In fact, there are a lot of reasons, beyond the cost, to start out with an acoustic guitar:
- You don’t need an amp or cords-this save money and time searching messy rooms
- Electric guitars are heavy; they’re solid chunks of wood. Whether sitting or standing, a lot of children have a hard time holding them for extended periods of time.
- Acoustic guitars force you to learn good tone production techniques. When you play an acoustic guitar you are in total control of the tone. There is nowhere to hide on an acoustic guitar, you have to learn to produce a good tone.
- Starting on acoustic gives you, the parent, future leverage. “If you practice four days every week until your birthday, then we can talk about an electric guitar”

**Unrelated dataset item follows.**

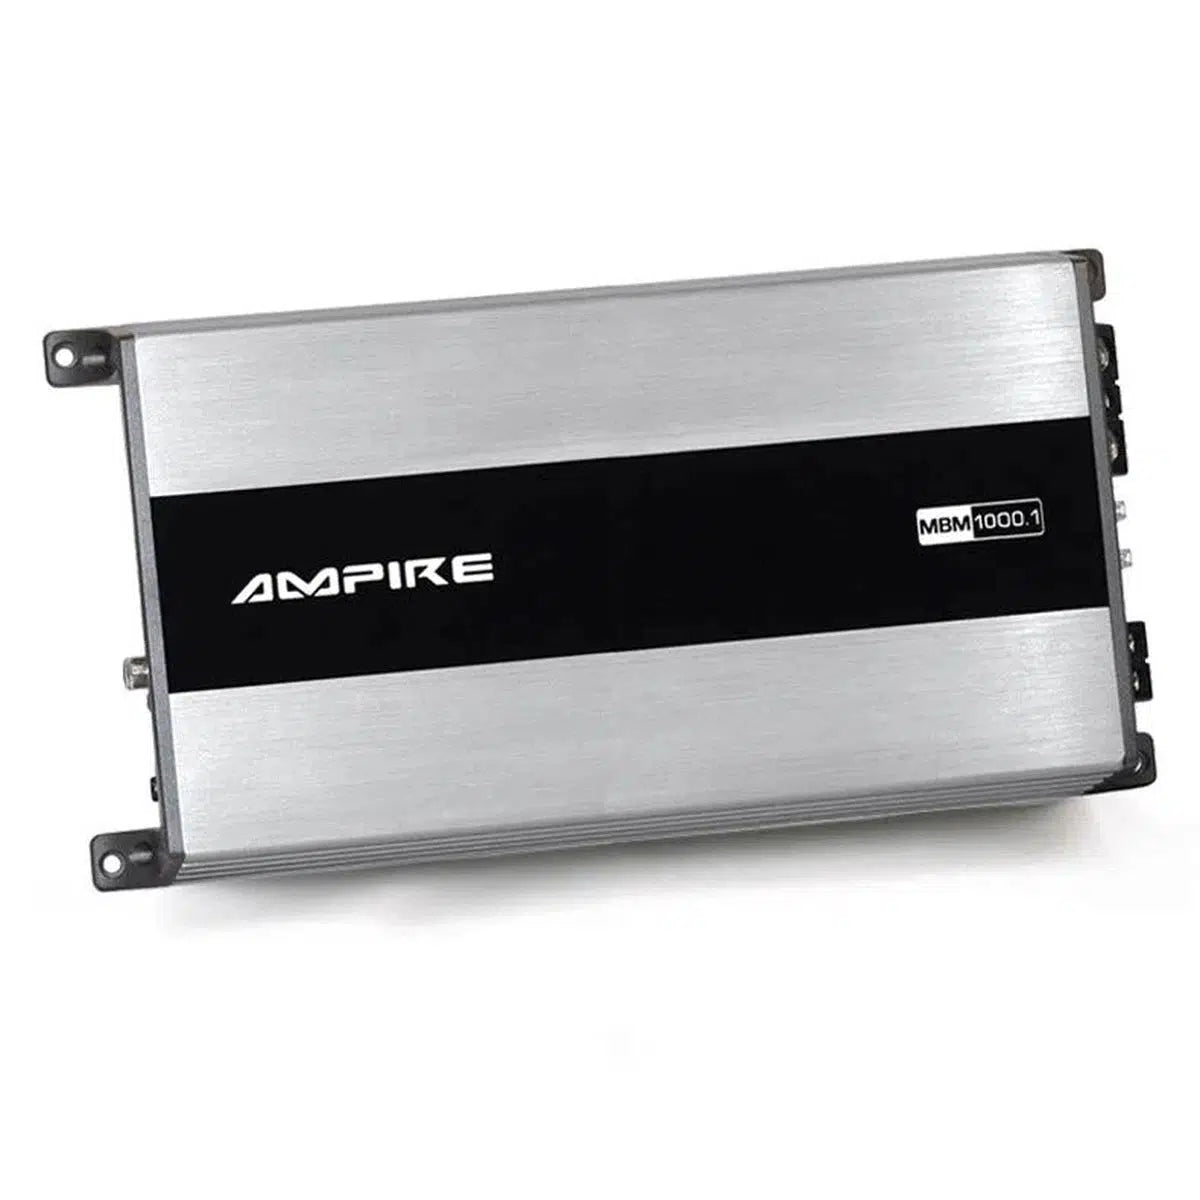 Ampire-MBM1000.1-2G-1-Channel Amplifier-Masori.de

Be advised: The second you walk into the guitar store and tell them you are looking for a first guitar for your child, the sales staff will want to point you in the direction of a beginning electric guitar pack.
Don’t buy it!
These kits often have low-quality instruments, amplifiers, and accessories. You would be better off taking the money you would spend on the starter kit and spending it on a quality acoustic guitar.
One choice you do have to make with acoustic guitars is whether to get a nylon string or steel string guitar. Nylon strings are a little easier on little fingers. That being said, most kids don’t have any problem with steel strings after a few days. You should also be aware that many nylon string guitars (often called classical guitars) have a slightly different neck which may be a little harder for small hands initially. Still as long as the guitar is setup properly (more on that in the next section) either type of string is fine.

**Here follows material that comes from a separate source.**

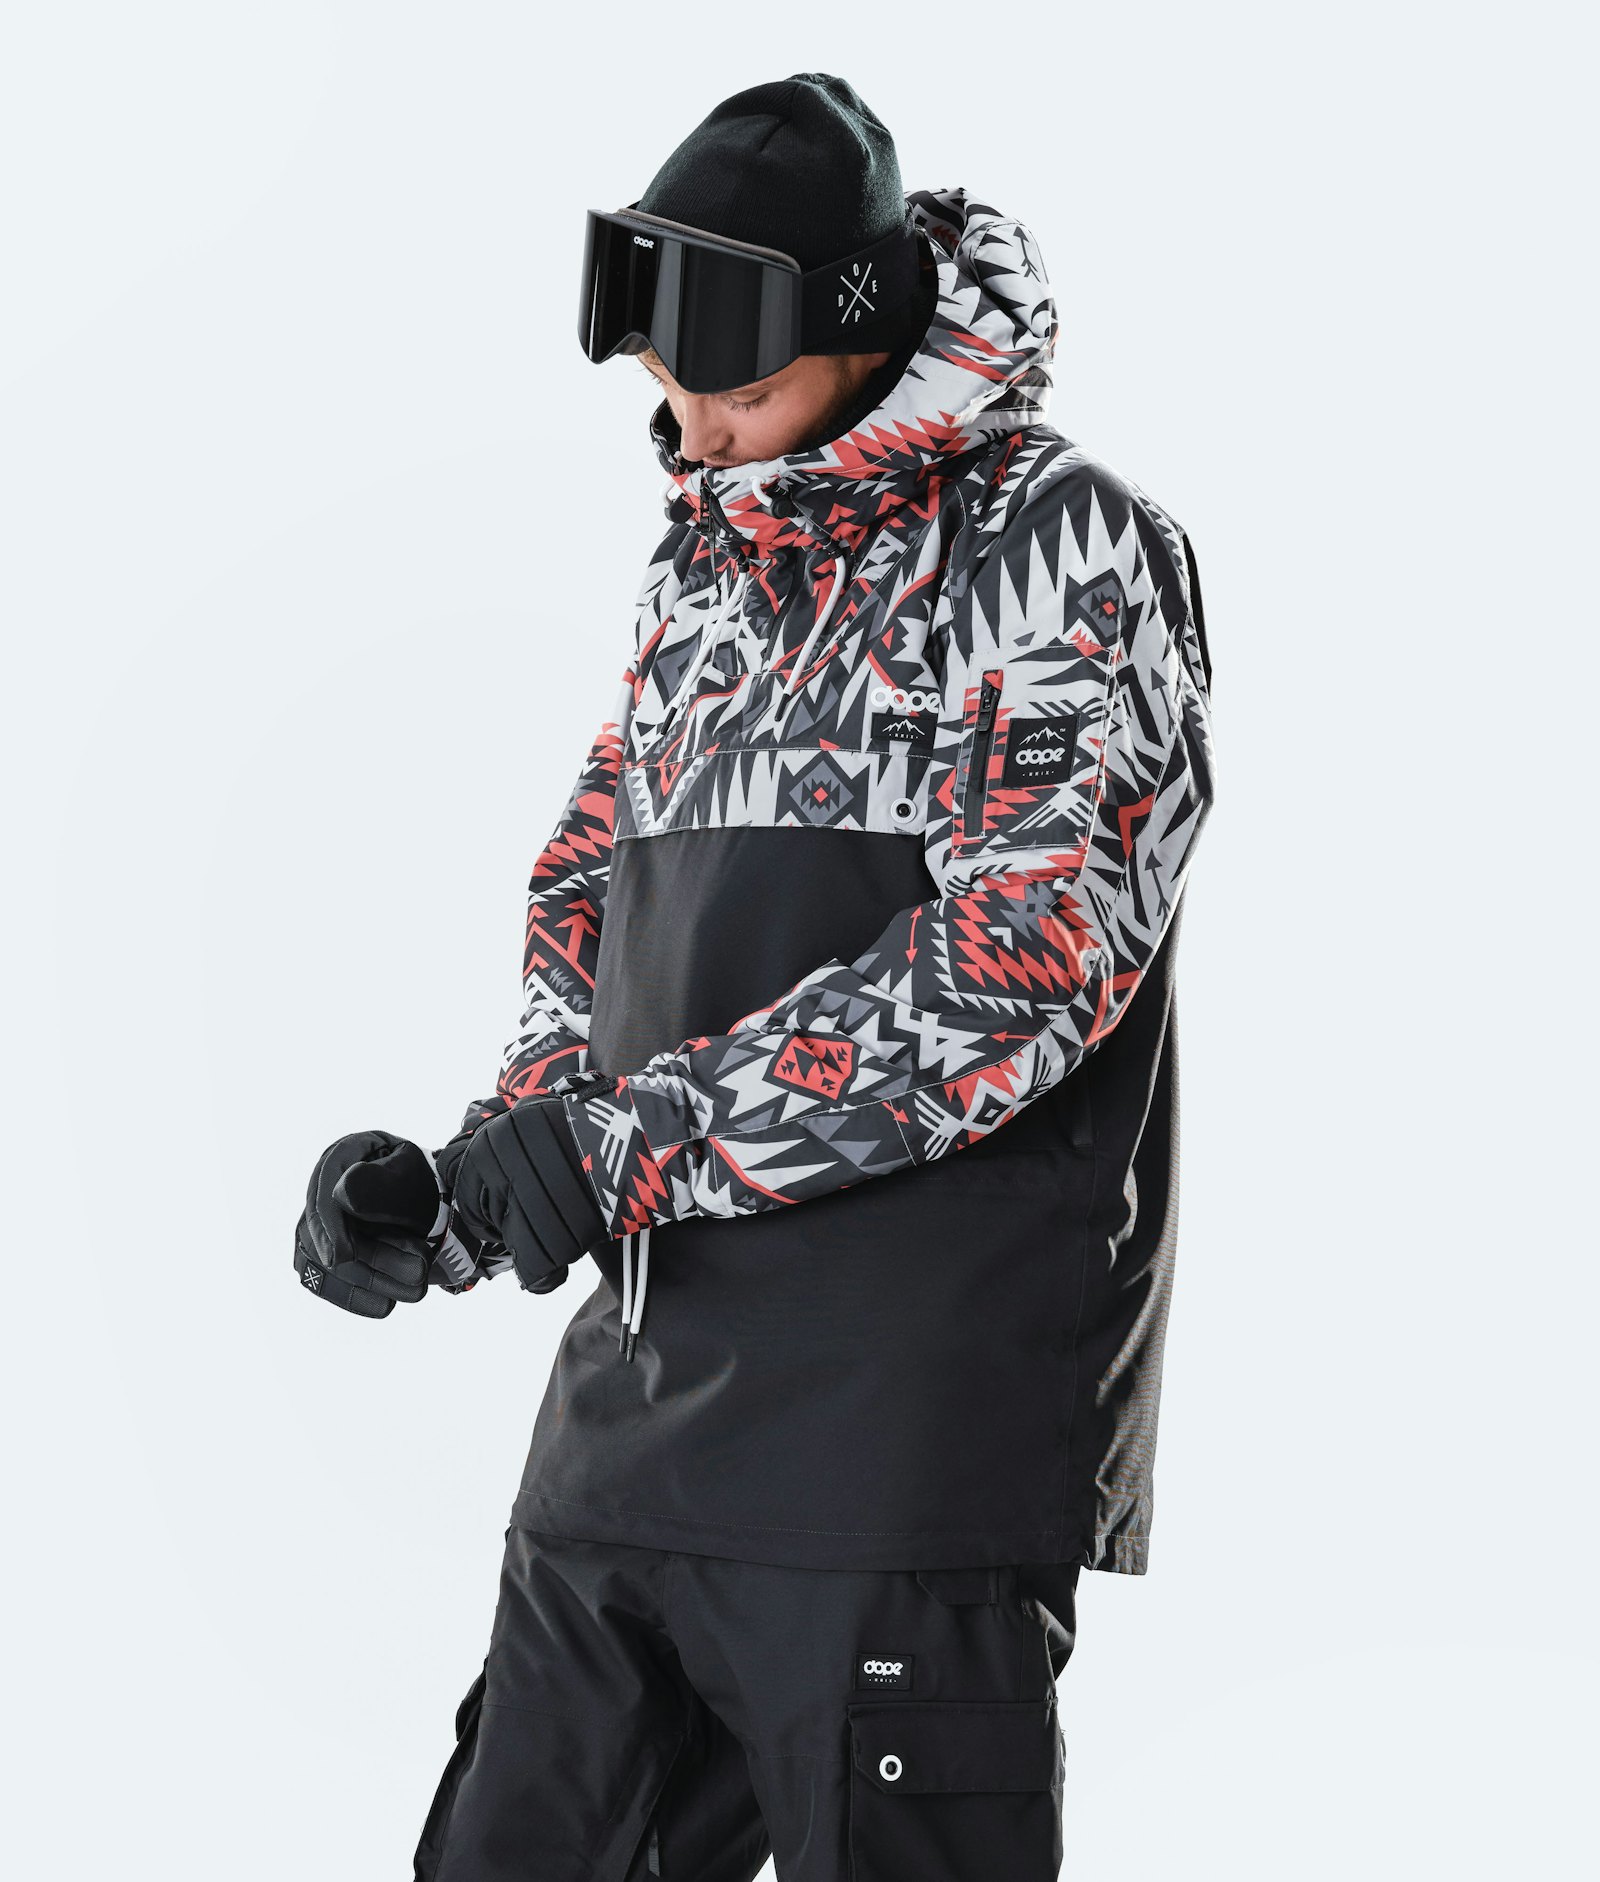 Dope Annok 2020 Veste Snowboard Homme Arrow Red/Black

One important note: There is a significant difference in tension between nylon and steel strings, so it is not a good idea to put mismatch strings to the guitar-type.
4. How About Grandma's Old Guitar?
If you look around long enough, most families have a Grandma's Guitar.

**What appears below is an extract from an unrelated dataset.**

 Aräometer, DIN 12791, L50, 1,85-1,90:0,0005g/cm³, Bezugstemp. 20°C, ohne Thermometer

You know the one--it's in an attic or hanging on a wall as decoration, it has some rusty stings, and smells a little funny. While this could be a great opportunity to carry on a family tradition, there are some things you need to be aware of:
Size: Before you sign off on Grandma's guitar be sure to follow the sizing information above, if your child has the wrong-sized guitar, they will not get very far.
Set-up: Take the guitar to a guitar shop and have it properly set-up, if they tell you this can't be done given the condition of the instrument, believe them. The last thing you want when starting on a challenging new adventure like playing the guitar is equipment that makes it impossible to be successful.
That being said used guitars are a great option, so long as they are set up properly.
5. A Note On (Left or Right) Handedness
I am about to say something that will likely get me some hate mail:
Handedness in guitar playing is probably not a big thing.
But there are so many well-known left-handed guitarists like Jimi Hendrix, Paul McCartney, and Dick Dale, you say. That is true, but there are just as many well-known guitarists that are left-handed and play right-handed guitars: Duane Allman, Mark Knopfler, and Paul Simon.
Guitar and bass guitar are the only string instruments that seem to have this handedness distinction, probably because some of those previously mentioned southpaws are guitar gods. As you will discover over the course of our study, flexibility, strength, and agility are required in both hands to play the guitar well.
I am a lefty who plays a right-handed guitar, mainly because that was what was available to me growing up and coming from playing the cello (try finding a left-handed cello!). So I highly recommend starting “right-handed”. If you choose to go left-handed, know that you will have a much harder time finding a quality instrument and it will make learning more complicated as you will have to reverse all directions in your head.